The Area of a Triangle

from the Lengths of the Medians

__The problem__: Given the lengths of the three medians, find the area of the triangle.

The question can be, and often is, solved by means of vectors, but the following, while somewhat longer, has a simple elegance that is very attractive to me.

We begin with an illustration of the problem (left below).

I will accept it as understood that AG:AD = 2:3 and simlarly for the other medians. We will use K{ABC} to mean the area of triangle ABC. To the right below we have made a subtle addition to the original illustration, we have added the 180 degree rotation of point G about point D.

This creates the line segment GG’ which is congruent to AG, and thus is 2/3 of AD. The dotted line G’B is included to help you see that CGBG’ is a parallelogram, and thus CG’ is congruent to GB which is 2/3 of BE.

Now observe the triangle G’CG, formed by segments G’C, G’G, and CG. This triangle has three sides that are each 2/3 the length of a median. If we had a triangle with lengths the sides of the medians it would have an area we shall call K(Median). The triangle formed GCG’, by the properties of similar triangles, must have an area that is 4/9 K(Median).

Note now that CDG’ is congruent to BDG and thus has the same area. This means that triangles CGG’ and CGB have the same area.
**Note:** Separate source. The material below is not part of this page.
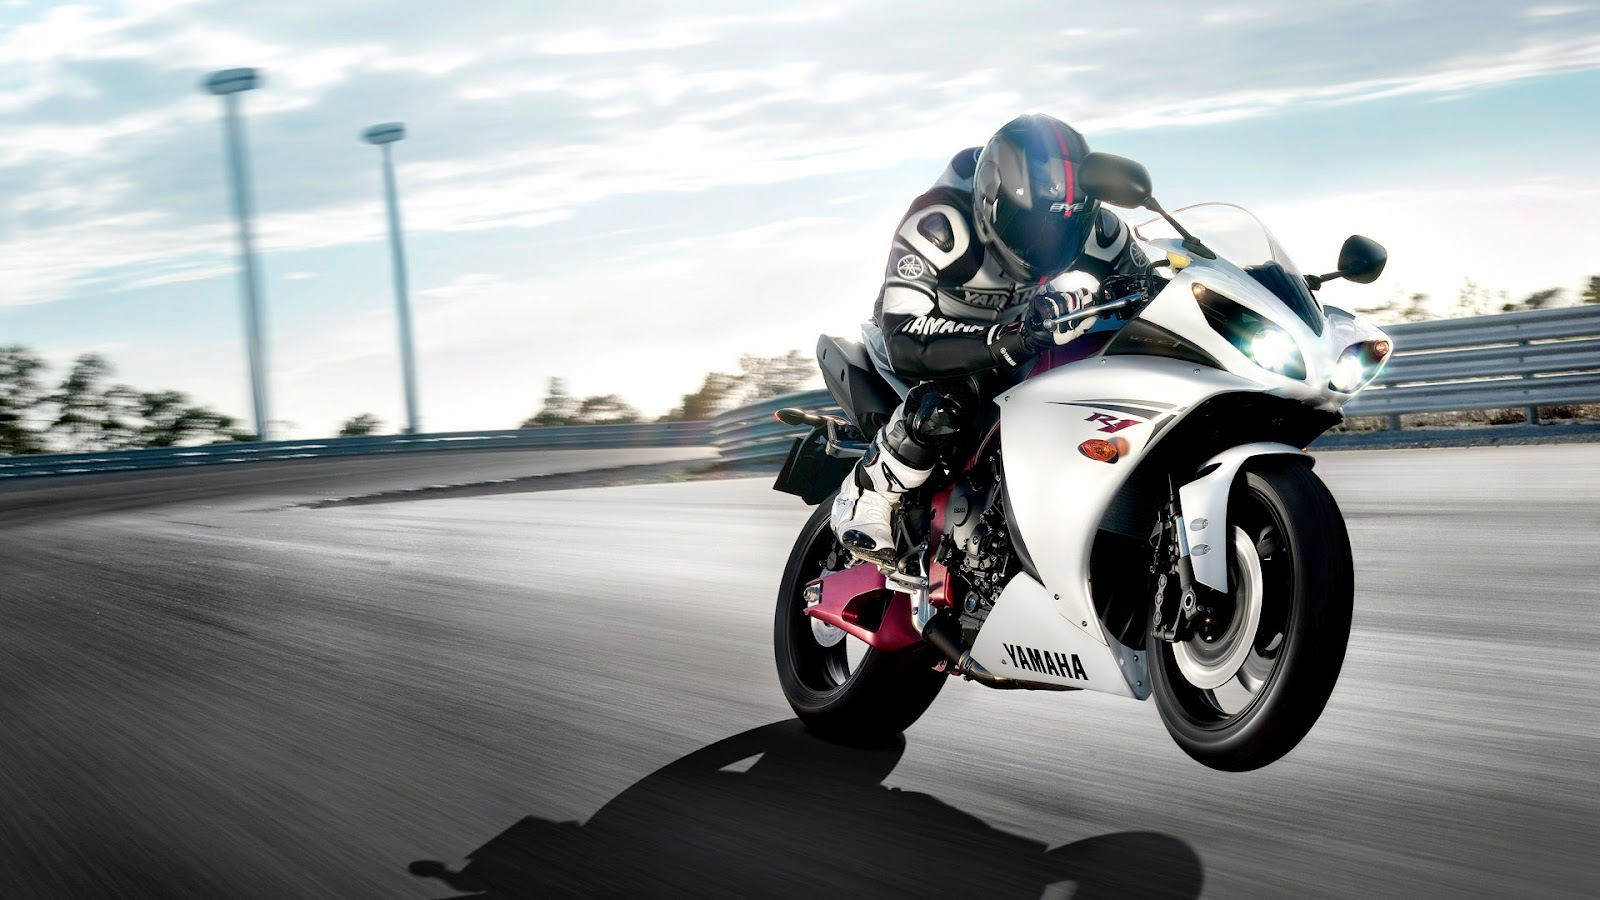 Yamaha Bike Ride

It is easily seen however that K(CGB) = 1/3 K(ABC).

Lets put these last few statements together. We have:

K(GCG’)= 4/9 K(Median) and

K(GCG’)= K(CGB)=1/3 K(ABC)

From this we can establish that 4/9 K(Median) = 1/3 K(ABC) leading to **K(ABC)= 4/3 K(Median).**

In summary then, we have shown that if we have the three medians of a triangle, we can find the area of the triangle that would be contained by three such sides, and the area of the original triangle is 4/3 that value.